You close your eyes and start climbing…higher and higher. Step by step the terrain gets steeper. You climb until gravity takes its toll and you fall—down, down, down. Landing with a start, your head is on your pillow and your eyes are wide open. Your heart is pounding and your body is breaking out in cold sweat. It was a dream—just a dream.
Why do we get chased by frightful critters, fall off cliffs or act in wonderfully weird ways when we dream? Why does our brain produce these colourful movies night after night?
Even though we sometimes don’t remember, we all have dreams.
Dreaming is defined as our subjective experience while we sleep, and multiple theories try to make sense of why we dream. Some researchers assume that dreaming plays an important role in processing and reinforcing what we have learned throughout the day. The idea is that our brain is storing new impressions, combining past experiences with new experiences and linking concepts through emotions while we dream. While a sleeper is engaged in processing subjects, the creativity of dreams possibly helps with finding solutions to problems. Another theory explains that dreaming prepares us for situations and helps us practice skills we might need later on.
Everyone dreams. Even small children experience intense dreams, characterized by the observation of Rapid-Eye-Movement (REM) during sleep. The brain is most active during REM phases, compared to non-REM sleep or deep sleep. During this stage, our eyes dart around behind closed lids with rapid and random movement. REM sleep is responsible for 20%–25% (90–120 minutes) of a total night’s slumber. Dreaming appears to be most pictorial and intense during the REM sleep phase.
Between our waking state and REM sleep, two major differences are noticeable in the brain:
- The amygdala, an almond-shaped set of neurons in the brain’s medial temporal lobe that processes emotions, is more active during REM.
- Neurons of the pre-frontal cortex fire less often (which might explain how some dreams appear bizarre, as the pre-frontal cortex is responsible for strategic planning and decision-making).
Researchers also assume that we learn to deal with anxiety through nightmares.
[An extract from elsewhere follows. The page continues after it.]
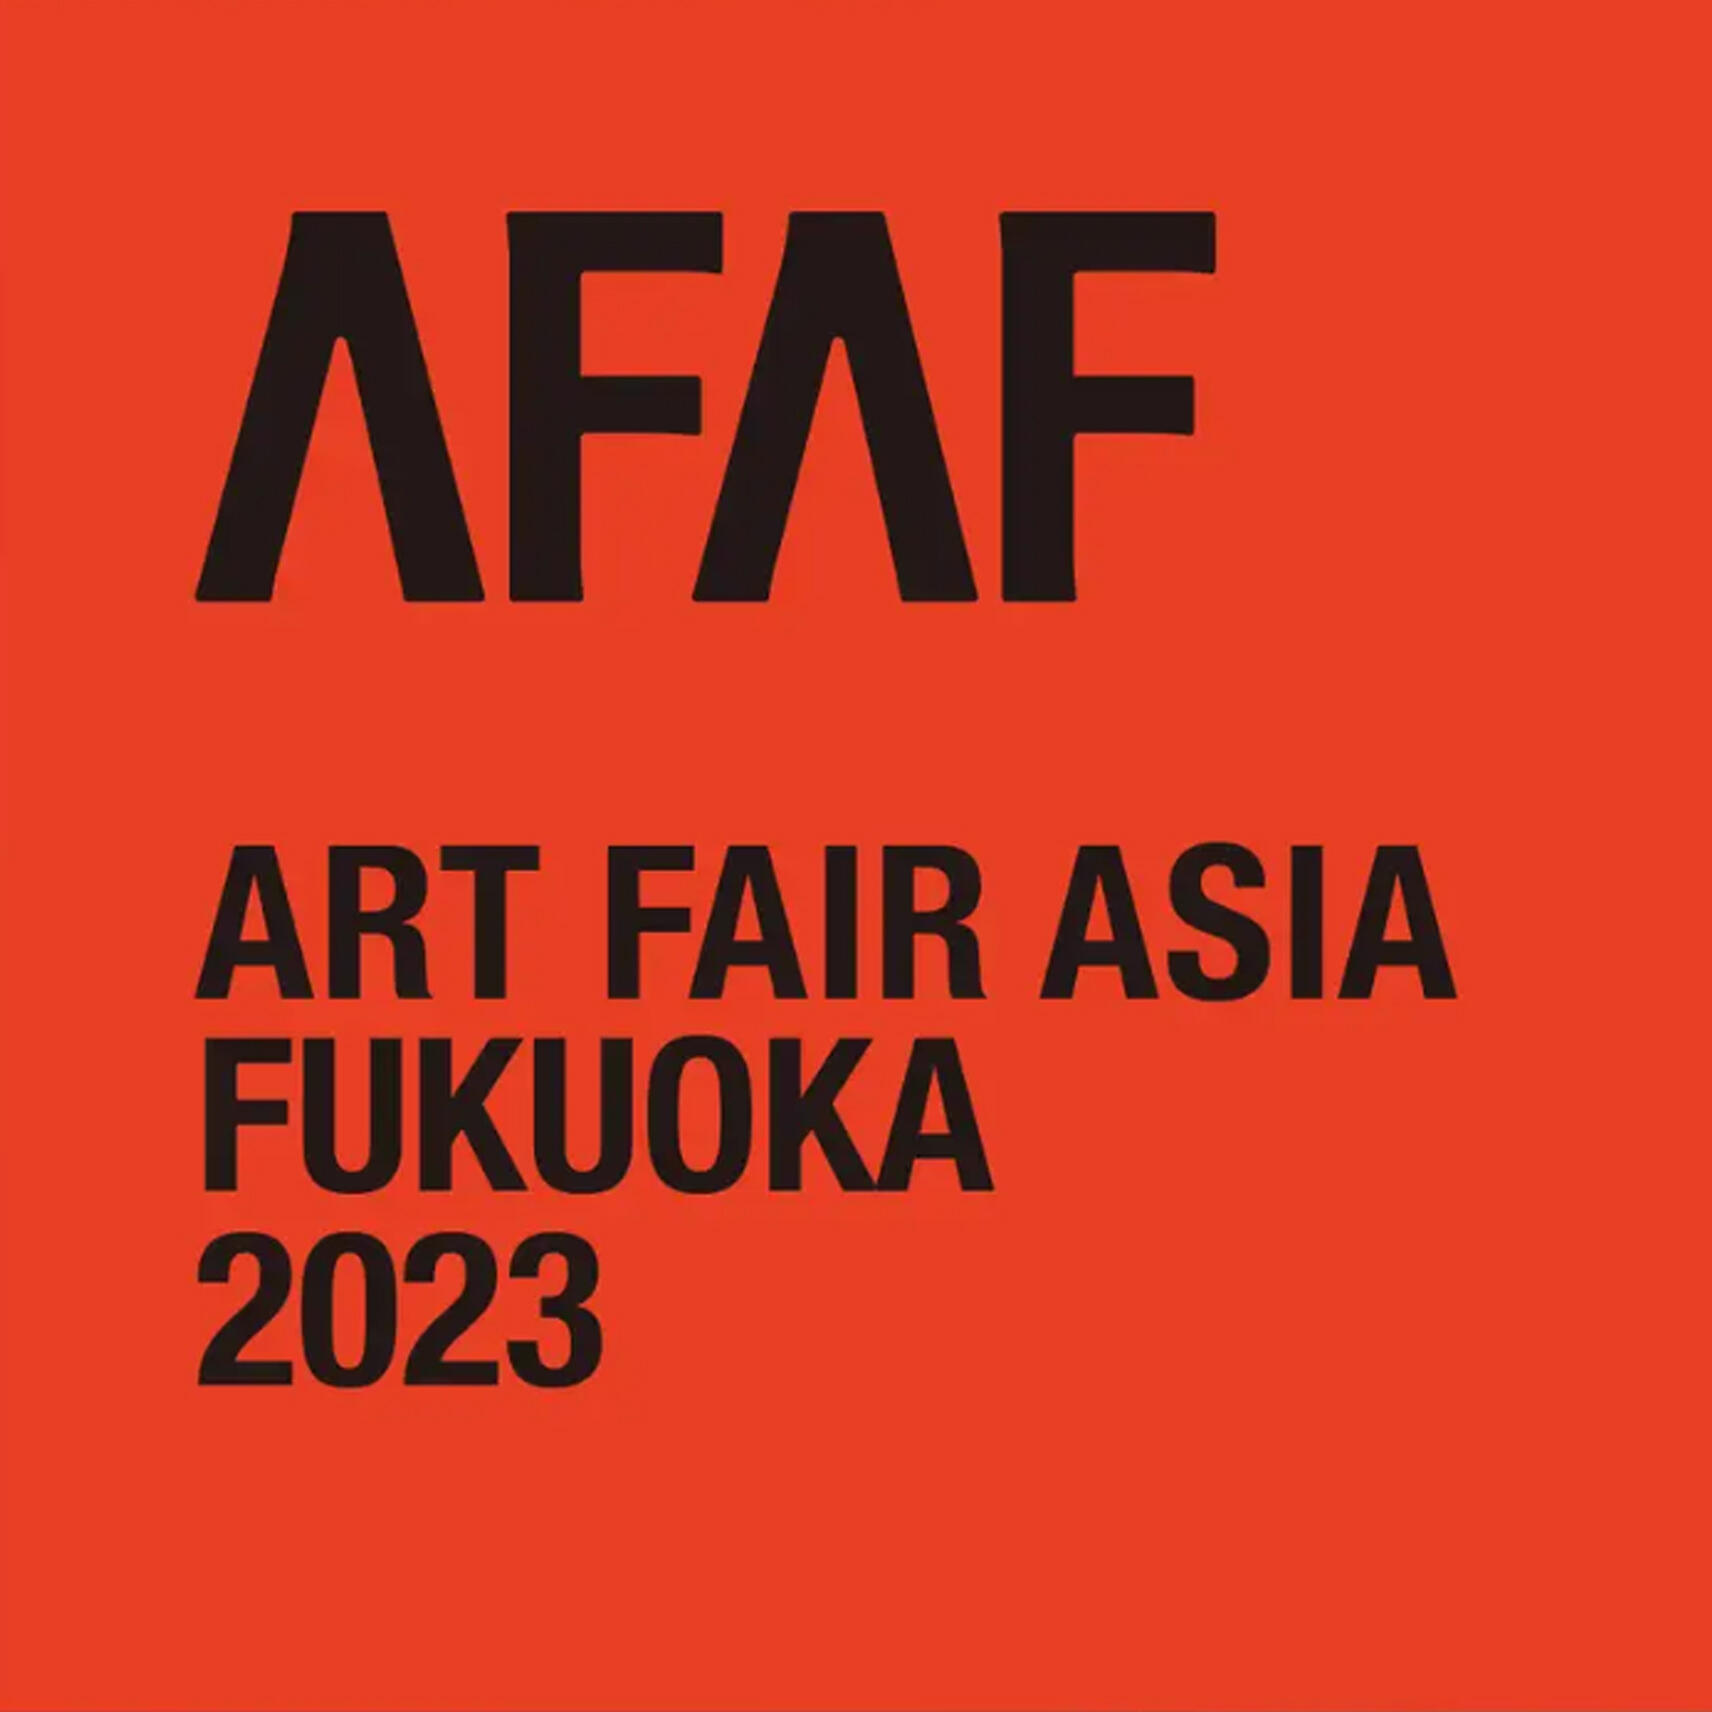 【アートフェア】Art Fair Asia Fukuoka 2023

If you were in a dangerous or stressful situation during the day, you might dream about it at night to reinforce the lessons learned, which can help you to avoid such situations in the future and increase your chances of survival. Similar to when you are awake, when creating dreams, every part of your brain is responsive. Even the motor cortex is active during our dream state, but transmission of information to your muscles is blocked by your brainstem to prevent your body from moving.
Even unconscious or comatose people dream and report incredible recollections. Some patients report flying through a tunnel into a bright light, feeling weightless and in harmony with the world. These accounts of personal experience in people who’ve come close to clinical death are referred to as near-death experiences. When unconscious, the brain releases endorphins to inhibit the transmission of pain signals to ease distress and these endogenous drugs may produce a feeling of euphoria in unconscious patients when dreaming. Other patients experience being removed from their own body and watching themselves from the outside. The parietal cortex creates a self-image, telling us that we belong in the body we are in, if this brain region is damaged by lack of oxygen or injury, self-awareness will shift when body and mind split and one believes to be outside of one’s body.
Dreaming—it’s a pretty mind blowing experience.